Третьего командира взвода, младшего лейтенанта Елисеева, я не видел перед боем.

Видел раненных. Они возмущались артподготовкой и во всем винили этого "бога войны". Да, сегодня бог артиллерии был немилостив к людям и отсюда результаты, возможно. Я, конечно, понимаю, что здесь преувеличение, но доля истины, большая доля чувствуется в показаниях пехотинцев.

Много оружия осталось на поле боя. Пехотинцы, оставшиеся в живых, проявляли большой героизм. Одного такого героя, который, очевидно, так и останется безвестным и не награжденным, я видел сегодня. Он был ранен в обе руки, но раненными руками перевязывал других раненных (не было санитаров), вынес этими же руками 10 автоматов и одиннадцатый свой. Больше у него не хватило сил, и когда я встретил его – он истекал кровью.

20.08.1944

Оказывается, пехота сама подлезла под артогонь, раньше времени начав наступление, а саперы не разминировав минное поле, отделяющее противника, ушли. Петрусян мне рассказывал, что он сам разминировал большой участок у окопов противника. Первая линия ходов сообщения оказалась ложной – вырытой на пол штыка. Вторая была значительно дальше и обе разделяла сеть проволочных заграждений и минное поле. Часть людей подорвалась на минах, часть погибла от нашего артогня. Противник не стрелял, и если бы согласованные и правильные действия пехоты и артиллерии с саперами, можно было бы удачно завершить операцию.

Язык мой – враг мой! Совершил огромную глупость. Читал Пугачу дневник в присутствии бойцов. Особенно в присутствии Тарнавского. Это исключительно подлый, коварный и нахальный человек. Мне теперь придется бояться его и добиваться расположения, но я знаю, что никогда не пойду на это и при первом же выговоре ему или взыскании, он постарается меня угробить путем доноса о непозволительных записях в дневнике.

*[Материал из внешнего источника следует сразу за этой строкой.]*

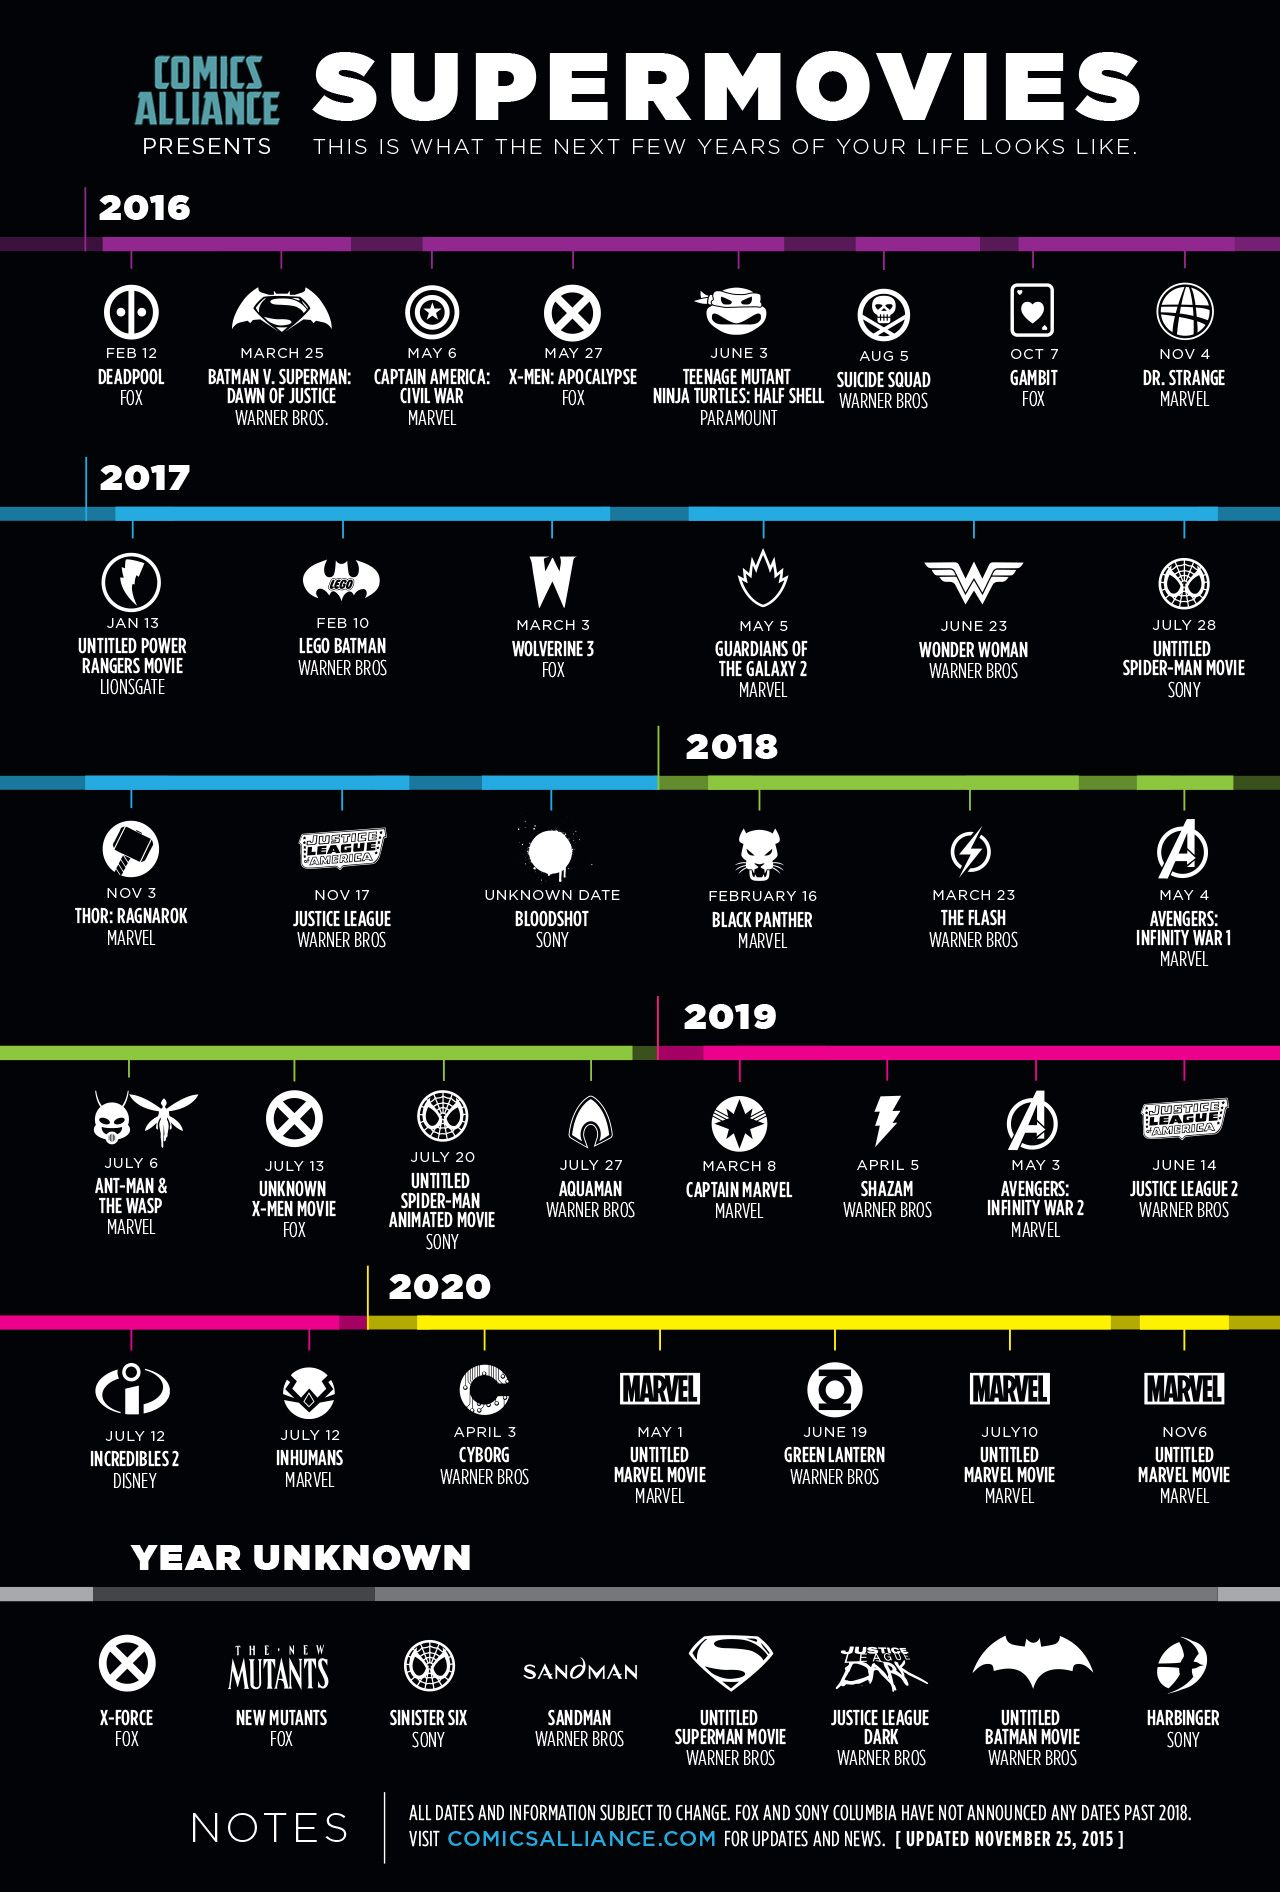 marvel comics movies coming soon

Это может повлечь за собой отнятие у меня (конфискацию) дневников и даже больше. Вот почему я хочу начать новый дневник.

Вот так из-за какого-то подлеца можно пострадать невинно. Кто его знает, что могут приписать мне за этот дневник, возможно даже позабыв о моей жизни, о моей честной службе в Красной Армии и беззаветной преданности Сталину и правительству, советскому народу. Ведь я еврей, и этого никогда не забываю, хотя абсолютно не знаю еврейского языка, а русский мне является самым близким и дорогим на свете. Я, конечно, буду изучать и другие, особенно основные западноевропейские, но тем не менее – русский язык останется для меня родным языком. Советская власть, и в первую очередь Сталин и партия, стерли грань между национальностями и народами, и потому я обязан им всей своей жизнью и старанием, не говоря уже о другом, за что я так люблю и беззаветно предан СССР и ВКП(б).

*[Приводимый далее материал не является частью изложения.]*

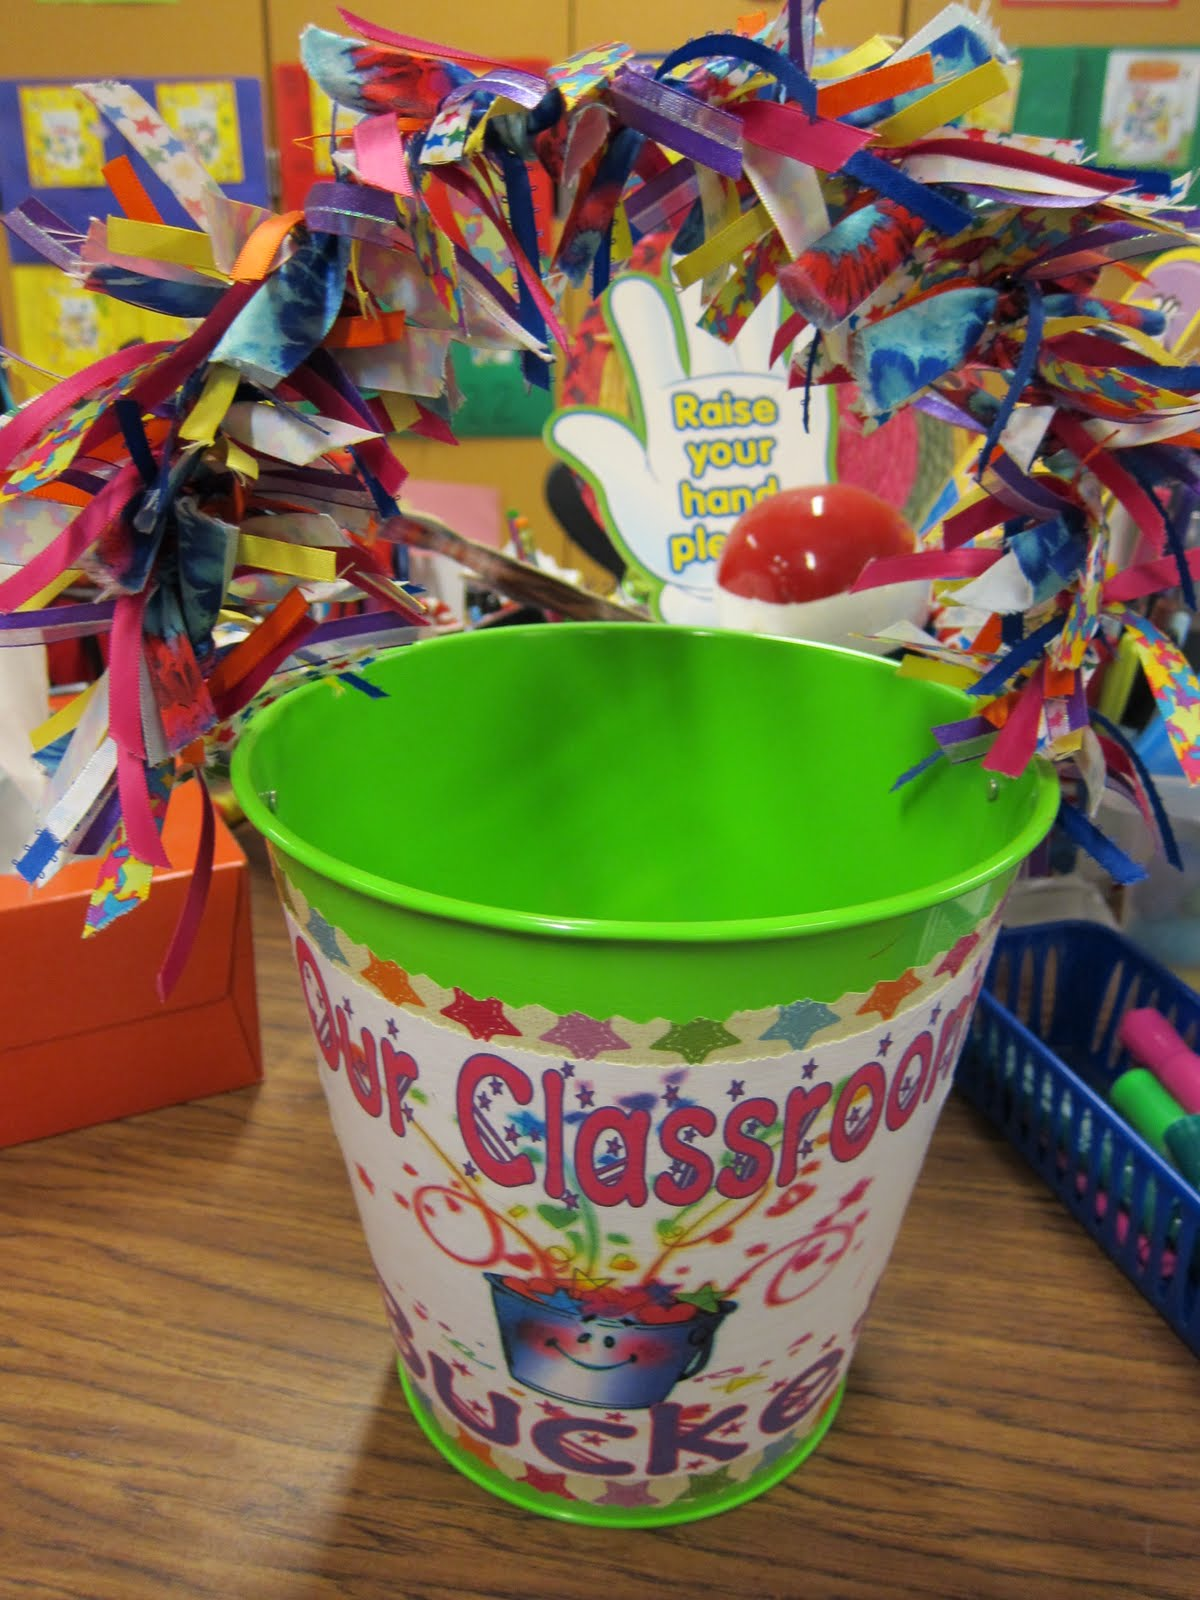 Seusstastic Classroom Inspirations: Pinterest Linky Party

Дежурю по роте. Ночь, темная, глубокая. Ребята хорошо несут службу. Враг не пройдет! Гул орудий, самолетов, ружейно-пулеметная перестрелка впечатление рубки мяса секачом – Чак! Чак-чак! Чак-чак-чак!

Где-то на других плацдармах и участках фронта бои сильнее, чем здесь.

Собираюсь написать много писем. 5 писем получил вчера-позавчера и еще не ответил. На новый адрес мне уже пришли письма от Нины К. и Ани Л. От Б. Койфман получил письмо. Легко, свежо пишет, но с ветерком холодным. Рассказывает о своем желании и цели переехать в Днепропетровск, а пока едет в Молотов в мединститут.

О Жене Максимович: "Между прочим, знаешь ли ты, что у нее есть уже сынок?", и дальше: "Вот молодец! Я хвалю ее за храбрость!" Интересно, есть ли у Жени муж? Очевидно, Берта тоже несмелая, как и я, в разбираемом вопросе, иначе бы она не назвала это все храбростью.

21.08.1944

Хозяин спрашивал относительно дневника. Потребовал его у меня. Я дал ему, но он, конечно, ничего в нем не нашел предосудительного. Те записи я уничтожил. Жалко их, но ничего не поделаешь.

Кажется, сама жизнь препятствует моему желанию писать. Но я буду, хотя может не так подробно, продолжать ведение дневника.

Написал сегодня много писем. Утром получил два: от тети Любы и А. Короткиной. Ответил обеим. Аня К. скоро совсем обезумеет. Странное дело, как можно не видя в лицо, ни на фотографии человека, увлечься им только по одним буквам письма. Но может у дяди Сени была фотография и он показал ей? Не знаю.

22.08.1944

Немец зол: весь день бросает снаряды кругом нашей балки. Но в балку ни-ни! Как-будто это для них запретная зона. Мины тоже пролетают прочь отсюда, оставляя за собой лишь неприятное шипение. Видно подвезли снаряды проклятым врагам, а может они последние выбрасывают перед отходом? Дай бог! Ведь говорят, что Бендеры пали, перешли в наши руки. Действительно, с левого фланга и на противоположном плацдарме ожесточенные бои длятся вот уже несколько дней подряд и днем и ночью, с участием "Катюш" и авиации. Только у нас сравнительно тихо.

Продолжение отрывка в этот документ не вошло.